Ask the seller: "What is the total cost for year one, and what's the annual cost from year two onwards?"
Write both numbers down. Compare them to what you spend on the task the tool replaces.
Question 3 — Does it work without reliable broadband?
This matters more in Ireland than most sellers want to admit. The National Broadband Plan is rolling out, but plenty of farmyards still have patchy signal at best.
Some tools work offline and sync when you're back in range. Others need a constant connection. If yours needs broadband and you don't have it reliably, the tool is useless — no matter how good the demo looked on a conference Wi-Fi connection.
Moocall's calving sensors, for example, use mobile networks rather than broadband. That's a design choice built for real farms, not conference centres.
Ask the seller: "Does this work offline? If not, what connectivity does it need, and what happens when the signal drops?"
If the answer involves the phrase "you just need a good connection," ask them to define "good" in megabits per second. Then check what you actually get in your yard.
Question 4 — Can I try it before I commit?
Any company confident in its product will let you test it. A free trial, a money-back window, or a pilot programme with your Teagasc advisor — these are all signs the company believes the tool works.
No trial, no demo account, no refund policy? That's a warning sign.
Teagasc regularly runs technology demonstration projects through their farms and advisory network. If a tool has been tested through a Teagasc programme, that's independent validation. Ask the seller if they've been through any Teagasc or university trial. Ask for the results.
Ask the seller: "Can I try this for 30 days before I pay? If not, why not?"
If the only option is a 12-month contract with no exit clause, you're taking all the risk. The seller should share some of it.
Question 5 — What happens if the company goes bust?
This is the question nobody wants to ask but everybody should. Agtech startups fail. It happens. When they do, your hardware can become a paperweight and your data can disappear.
Think about:
- Data export. Can you download your records in a standard format (CSV, PDF)? Or are they locked inside the app?
- Hardware independence. If the company's servers go offline, does the hardware still function?

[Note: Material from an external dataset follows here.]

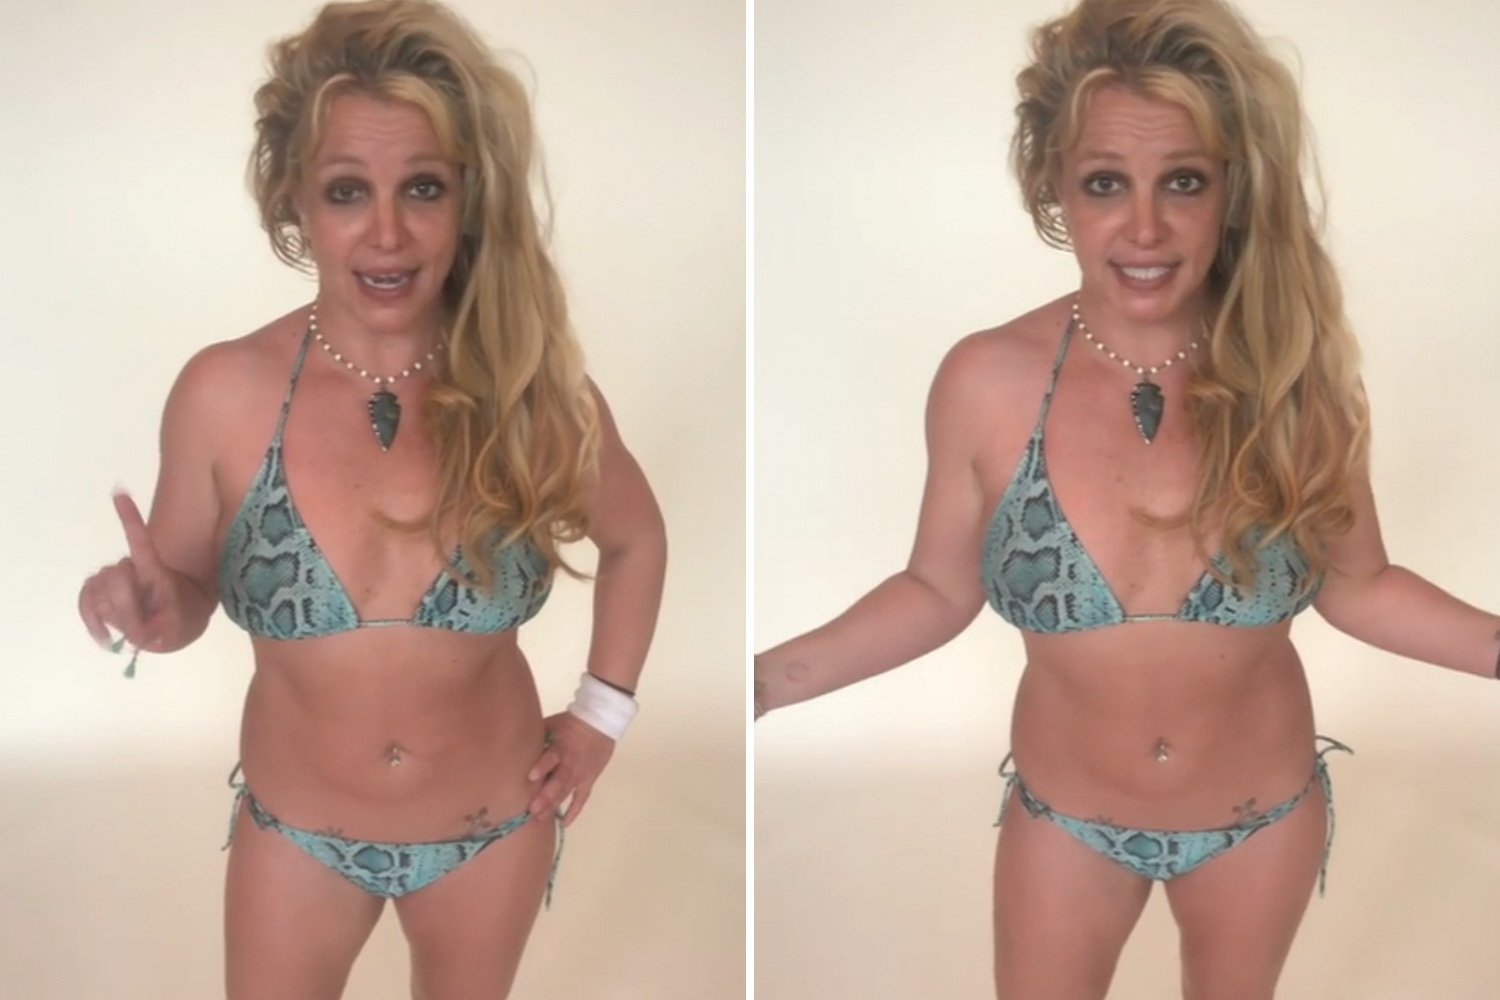 Britney Spears shows off her toned figure in snake print bikini as her conservatorship battle rages on

- Company track record. How long have they been trading? Are they funded? Who backs them?
A well-established company like ICBF has been around for decades. A startup founded last year might build something brilliant — but your data should never be trapped inside their system.
Ask the seller: "If your company shuts down tomorrow, can I still access my data and does the hardware still work?"
If the answer is no to either, think carefully about how much of your farm records you're willing to put at risk.
The 60-second version
Before you buy any farm tech tool, ask these five questions:
- What specific job does this replace on my farm?
- What does it cost per year — subscription, hardware, connectivity, and my time?
- Does it work without reliable broadband?
- Can I try it before I commit to paying?
- What happens to my data and hardware if the company goes bust?
If you get clear, confident answers to all five, the tool is worth a closer look. If you get waffle on more than one, save your money.
Your next step
Print this checklist. Bring it to the next farm show, open day, or demo. Write the answers down for any tool that catches your eye. Compare them side by side when you're back home with a cup of tea and no sales rep watching.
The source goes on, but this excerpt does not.